What are the password requirements for customers?
The passwords for customers and their users are stored in an encrypted environment. Passwords can be set or reset by customer administrators, but cannot be viewed. Users can also request password resets of their own password through an automated email service. Tribal Habits user accounts are automatically locked after 10 failed password attempts and can only be unlocked by their portal administrator. User passwords must meet a minimum of 8 characters with 1 upper case, 1 lower case and 1 numeric character.
How are users and privileges managed within the Tribal Habits portal?
All users within Tribal Habits have a unique log-in ID. This log-in ID is tracked each time it us used to access a portal. Each log-in ID can only access the unique Tribal Habits portal is it assigned to. Each log-in ID is linked to a two hour time-expiring session cookie. Some users within each Tribal Habits portal can be granted Administrative privileges for their portal. Administrative privileges can only be granted by an existing Administrator within your platform. To provide support, servicing and testing, some Tribal Habits staff have Super Administrator privileges which grant access to all Tribal Habits portals. Super Administrators can only be created manually by the Tribal Habits CEO and CTO, and are restricted to vetted internal Tribal Habits staff only.

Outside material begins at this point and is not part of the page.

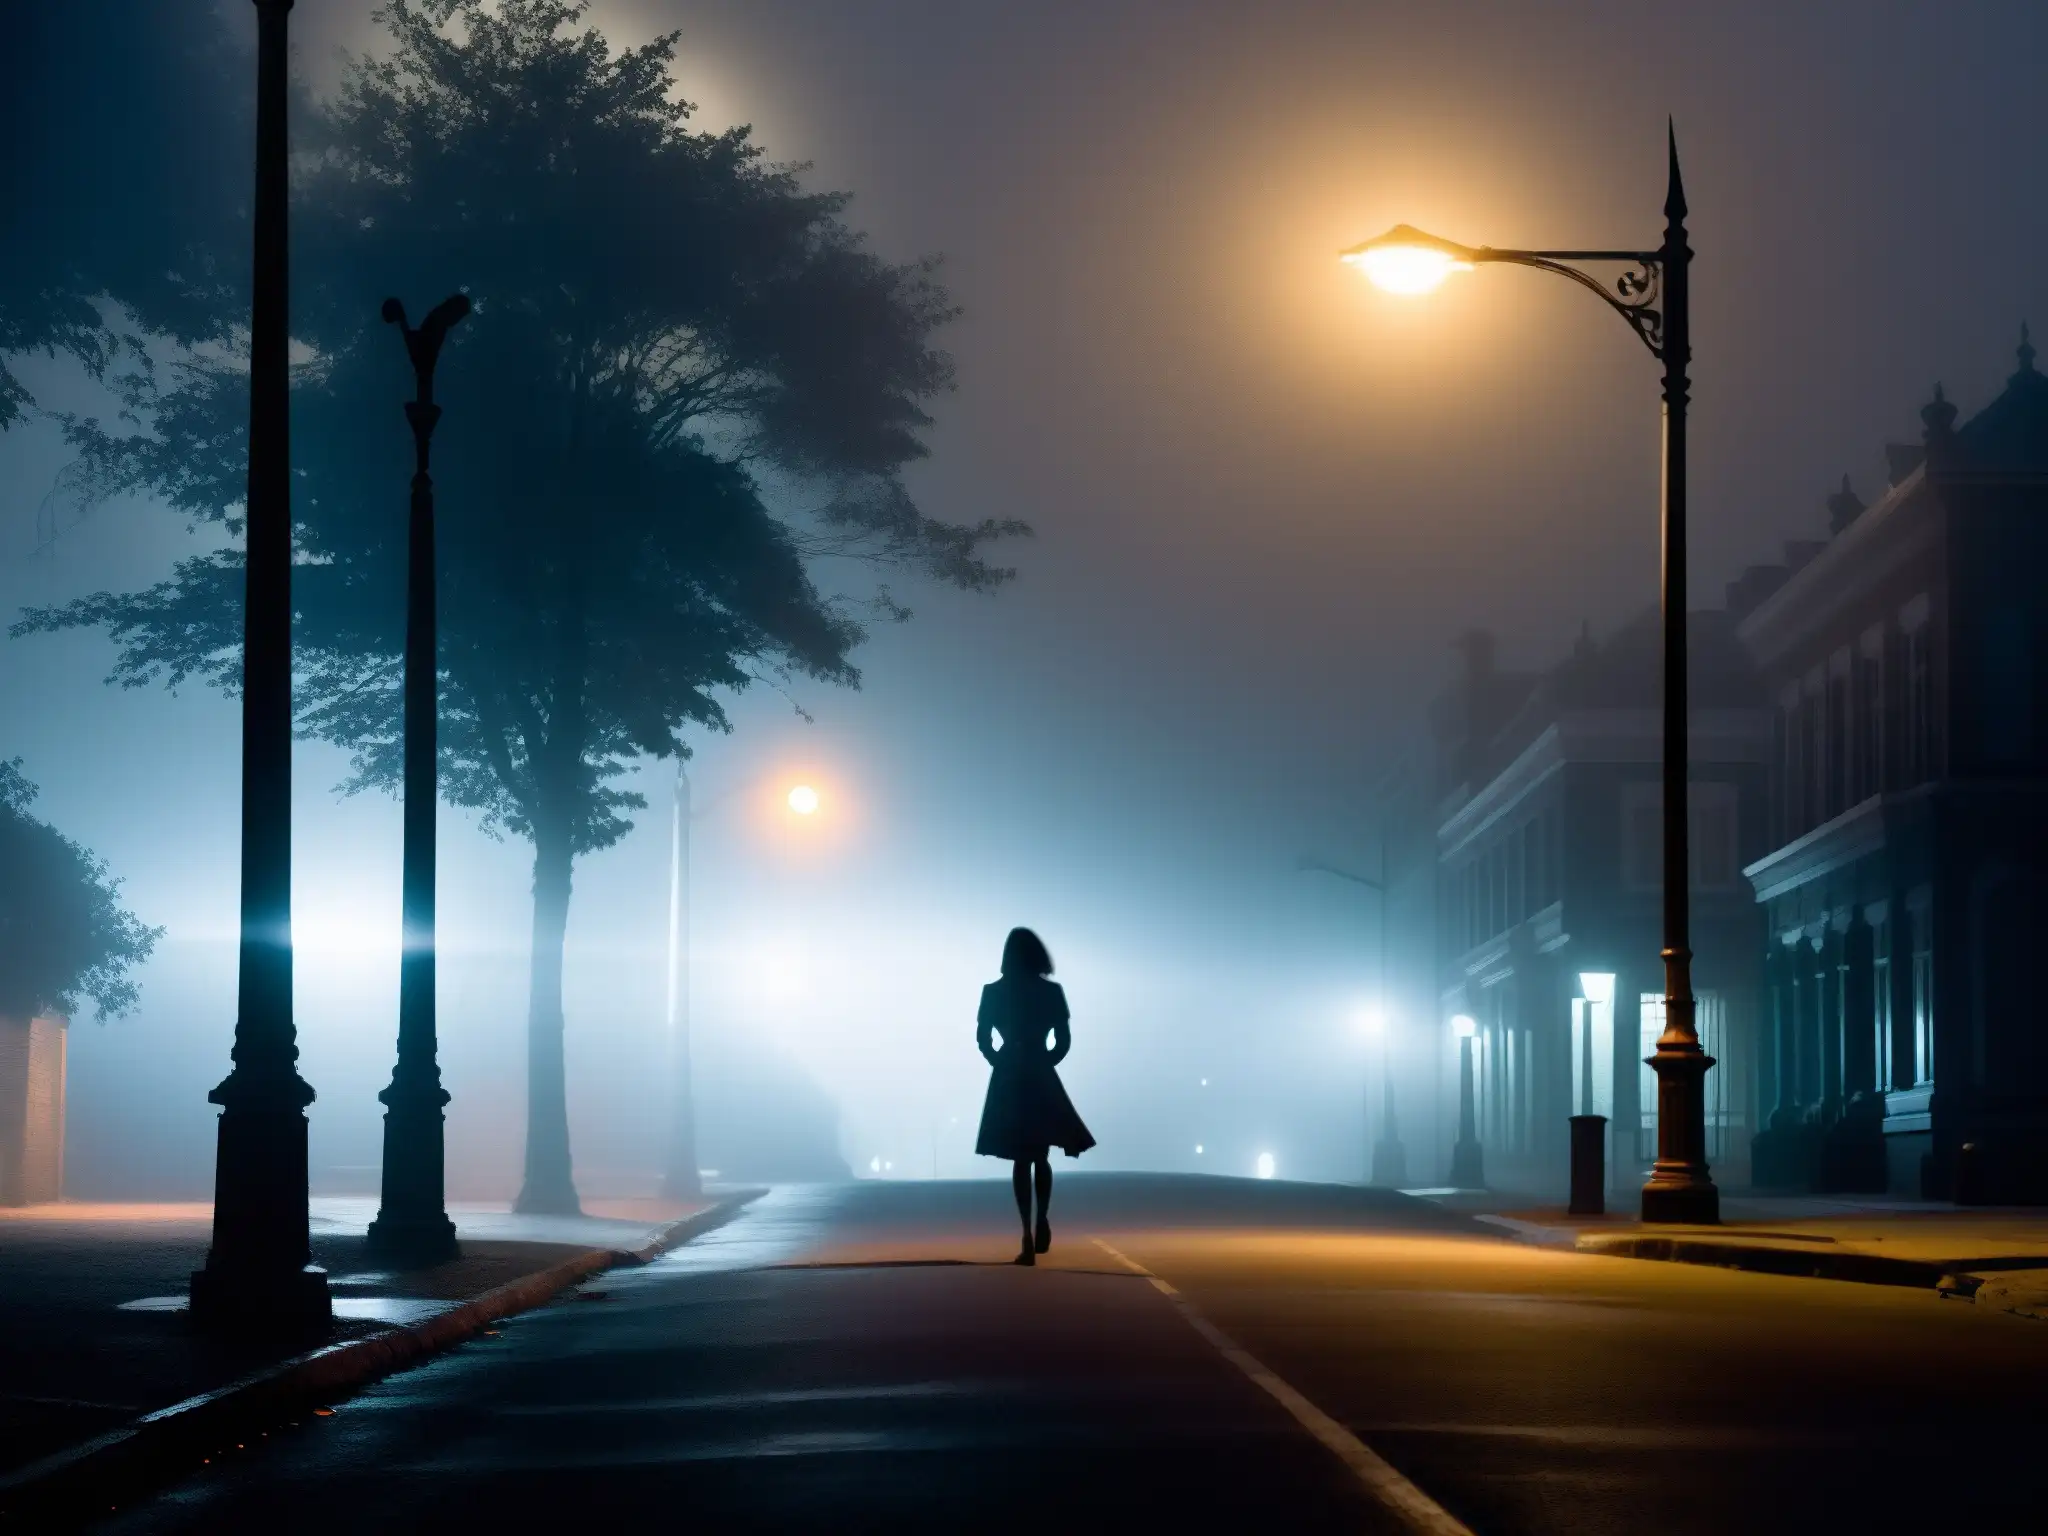 Una noche neblinosa y lúgubre en la ciudad, TekeTeke acecha bajo una farola parpadeante
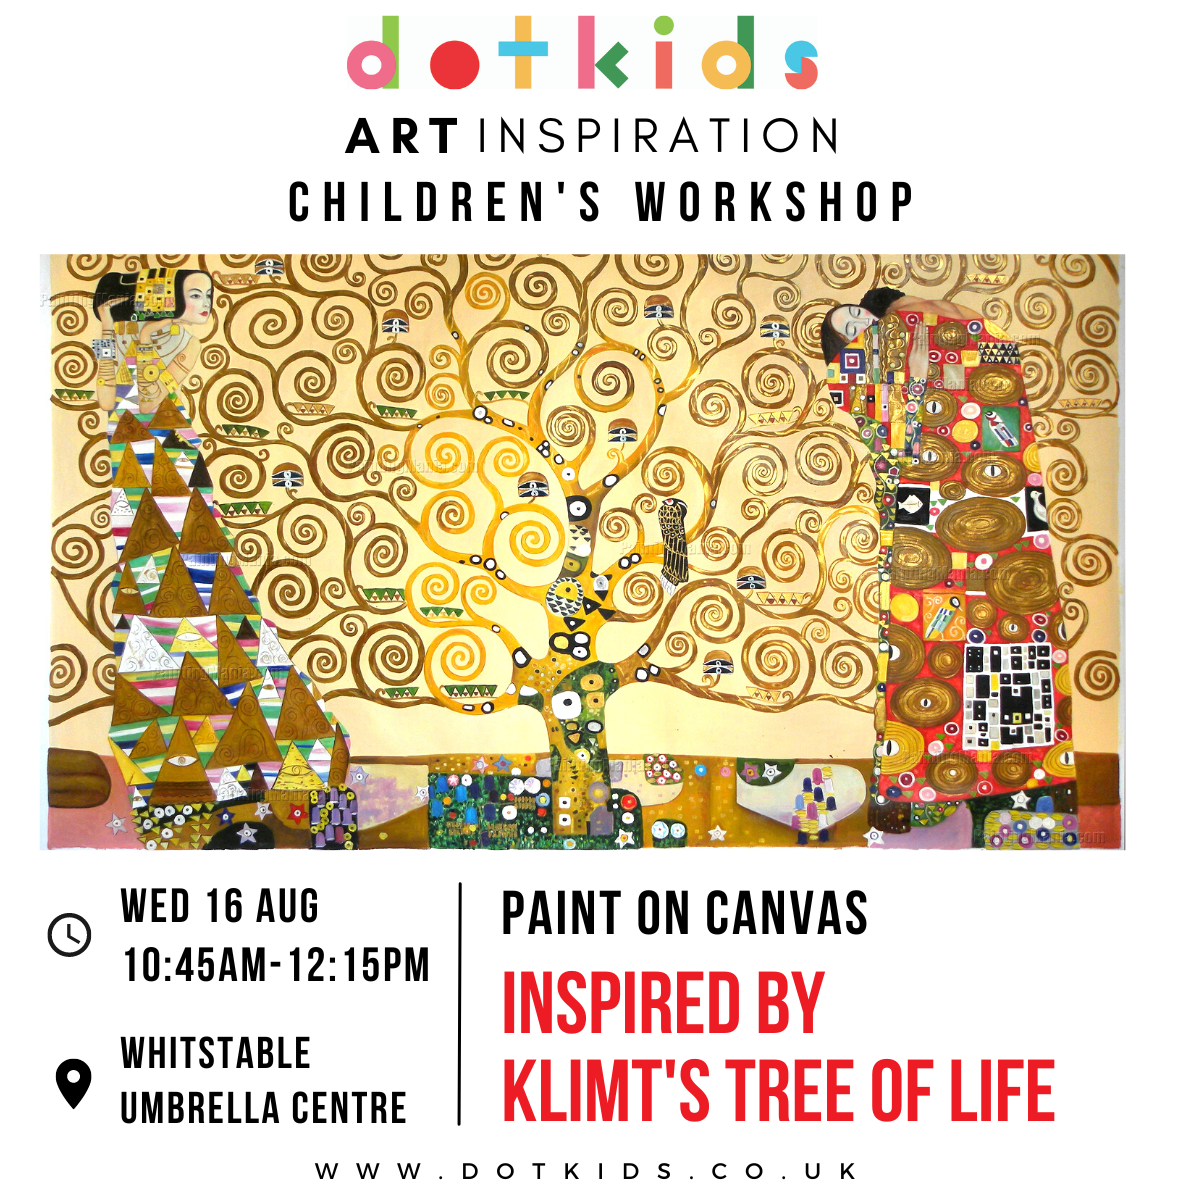 Klimt's Tree Of Life Art Inspiration Workshop For Children For children aged 5-16 years.

Can customers use single-sign-on authentication?
Yes. Tribal Habits supports the SAML 2.0 single sign on (SSO) protocols for customers wishing to further improve user security. Please contact Tribal Habits Support to activate SAML on your portal.
What steps does Tribal Habits take to improve employee security?
All employees must successfully complete a security background check before working at Tribal Habits. Tribal Habits regularly communicates with staff about its obligation to safeguard confidential information. We provide online training on confidentiality, privacy, and information security for all new employees. In addition, all staff are required to complete an annual privacy and security training and are tested on the materials presented. Every employee must follow our code of conduct, sign a confidentiality and non-disclosure agreement as a condition of employment, and follow our information security policies. We conduct random audits of each employee’s IT and physical security measures.